» Work instruction
What you return must match the listing below exactly, minus any pictures.

» Source material
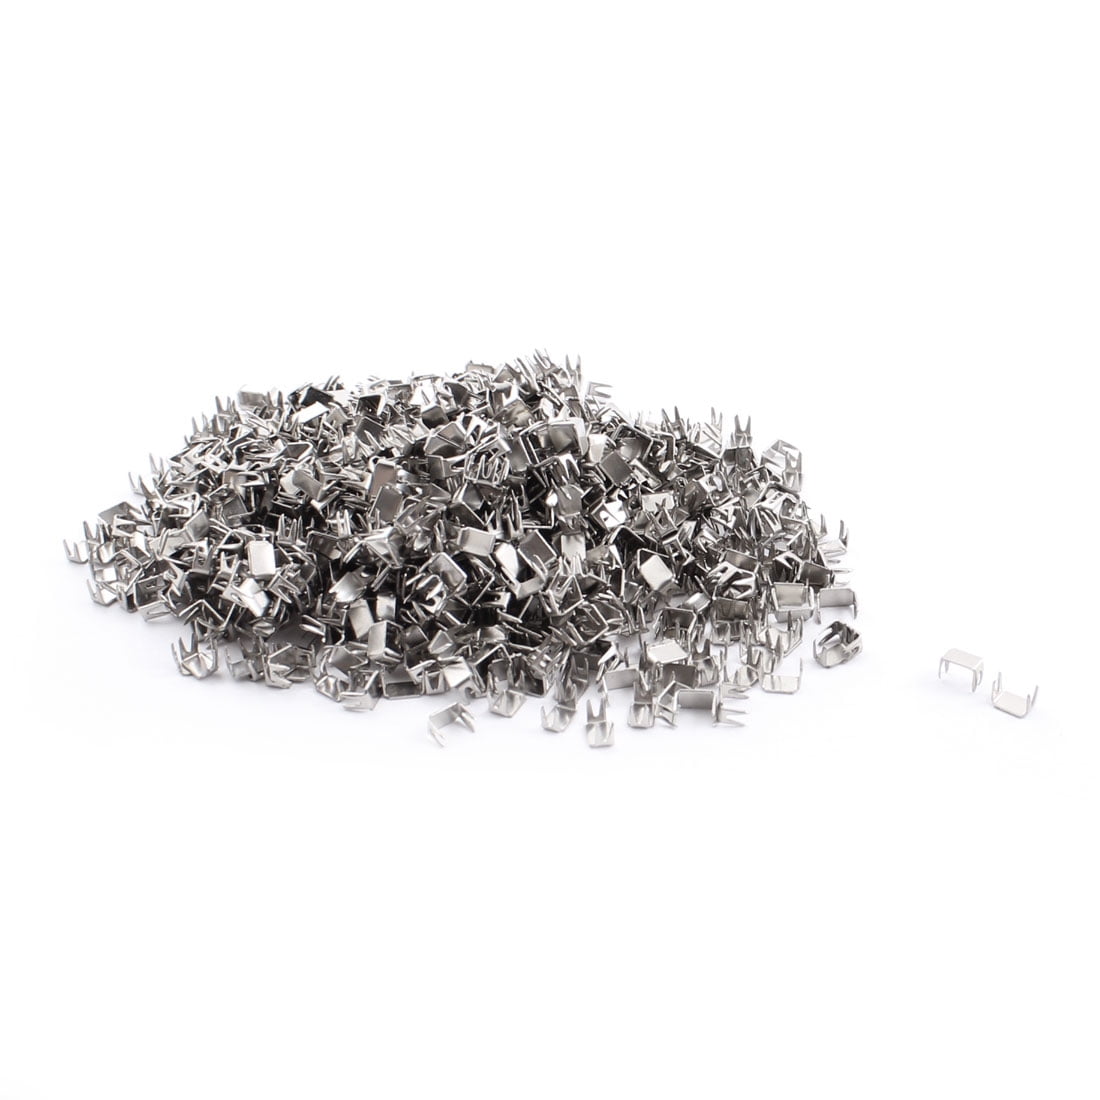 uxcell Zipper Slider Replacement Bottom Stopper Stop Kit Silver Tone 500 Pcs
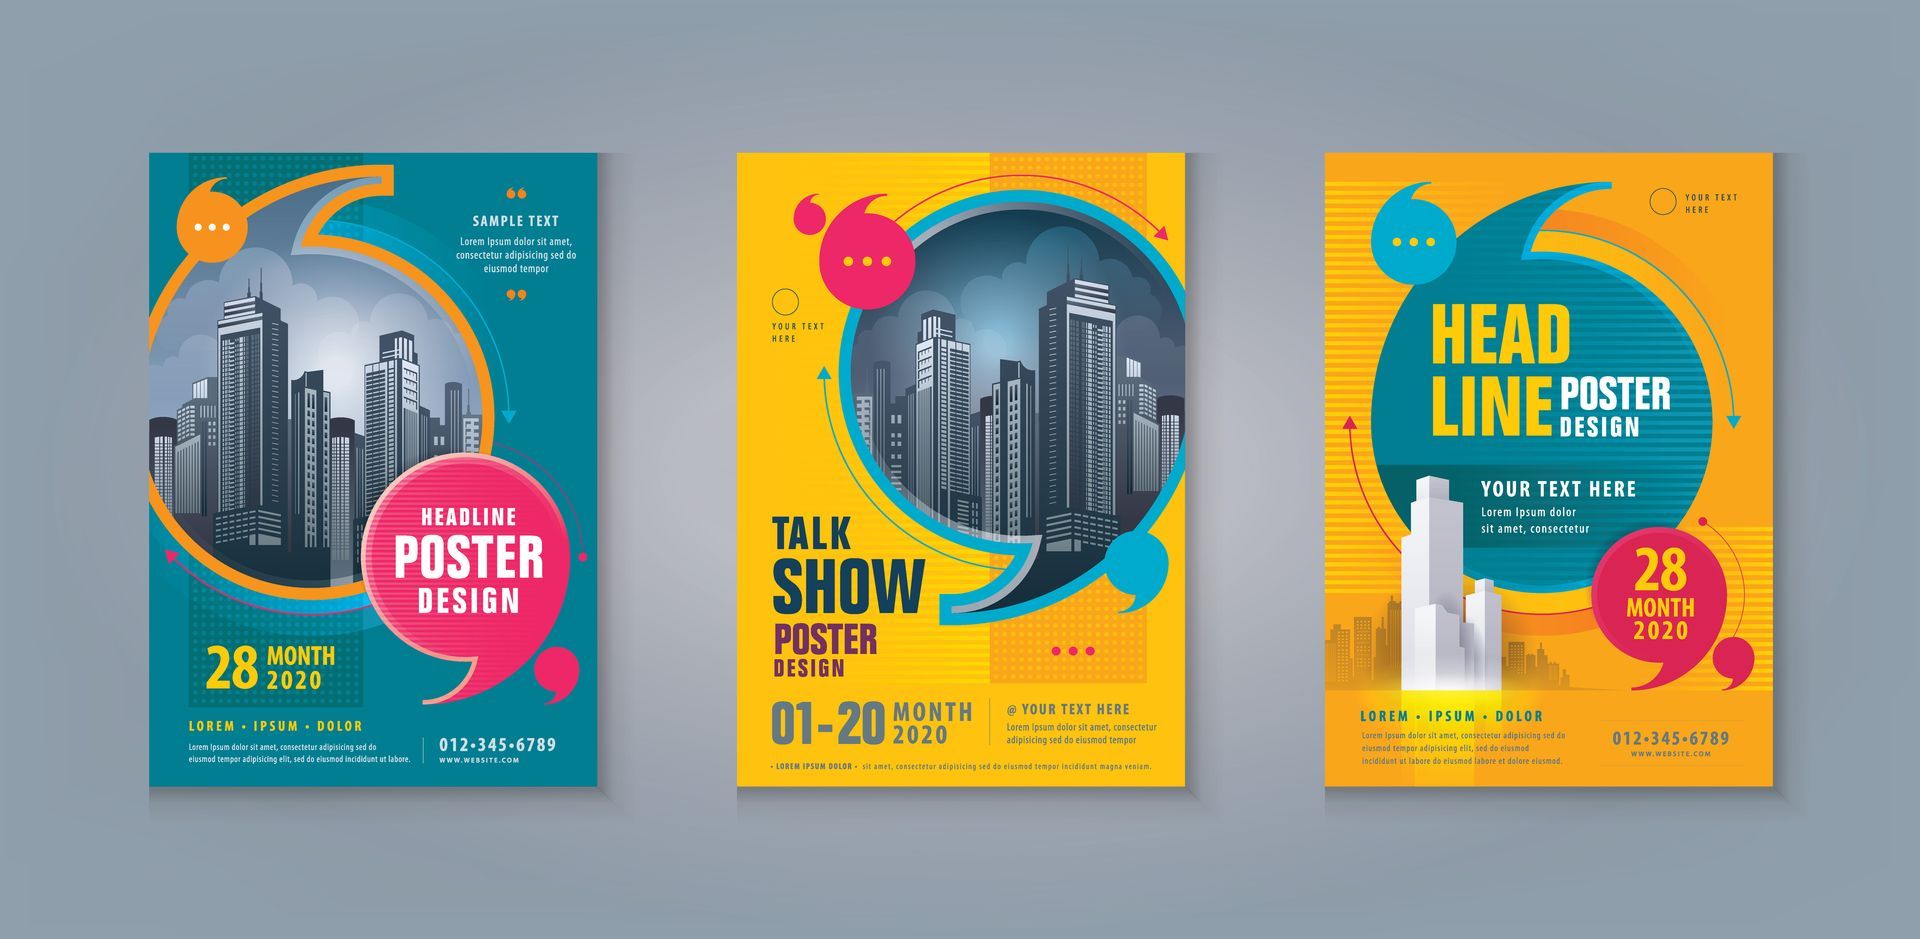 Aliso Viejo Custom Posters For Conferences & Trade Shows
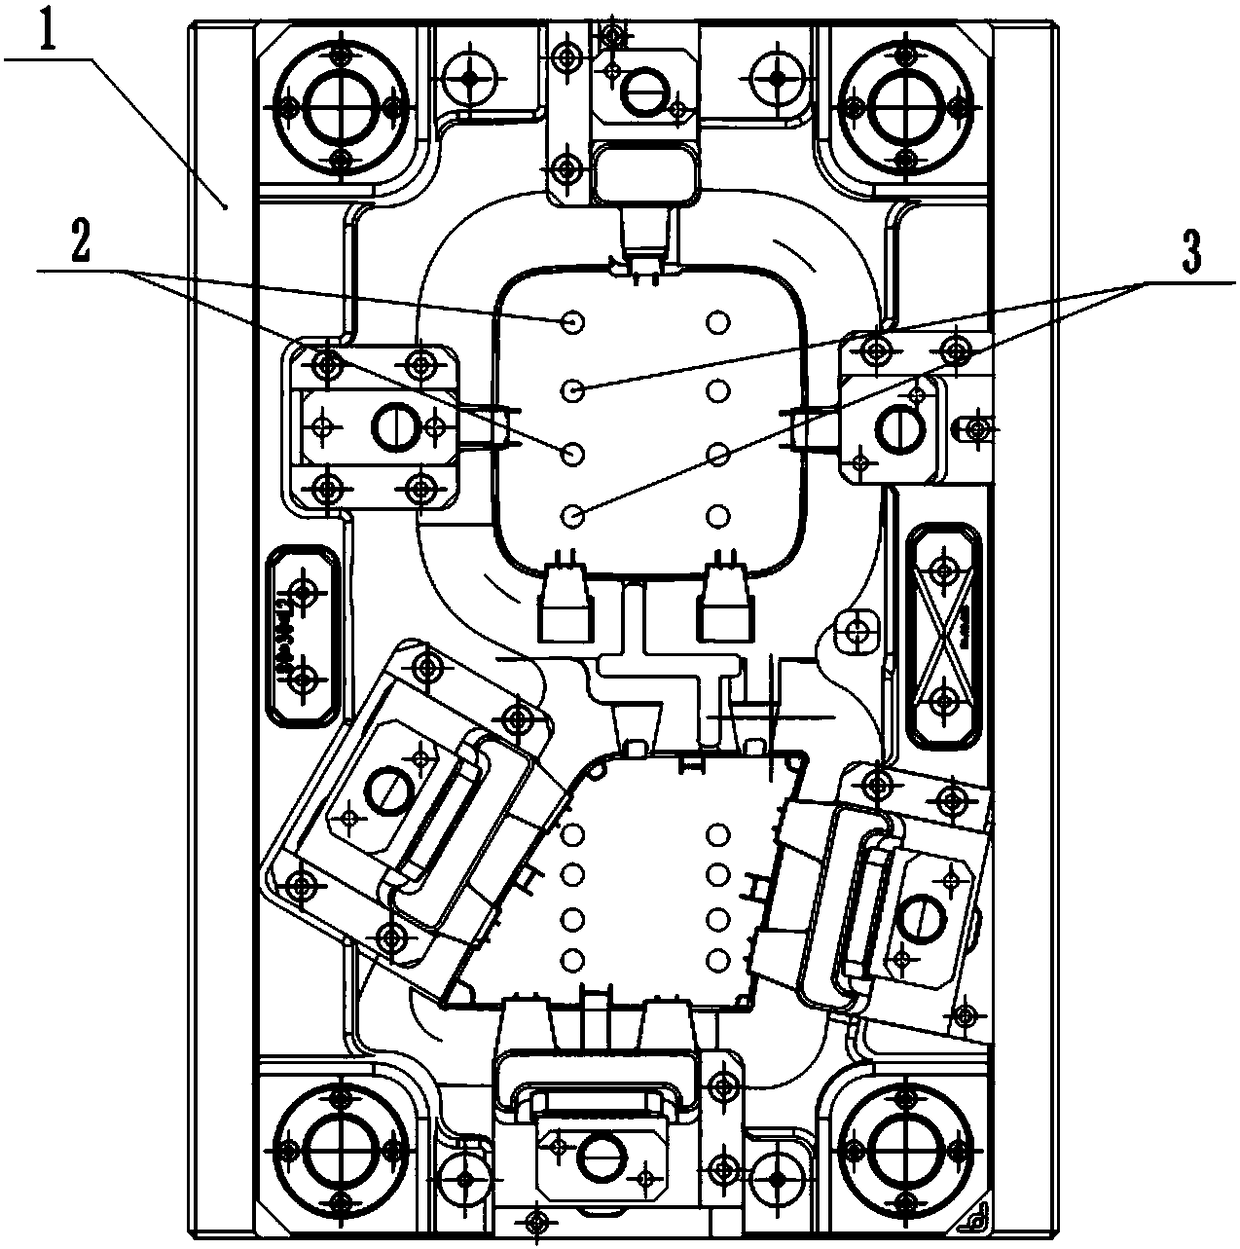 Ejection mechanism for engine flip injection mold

» Written reply
 uxcell Zipper Slider Replacement Bottom Stopper Stop Kit Silver Tone 500 Pcs
 Aliso Viejo Custom Posters For Conferences & Trade Shows
 Ejection mechanism for engine flip injection mold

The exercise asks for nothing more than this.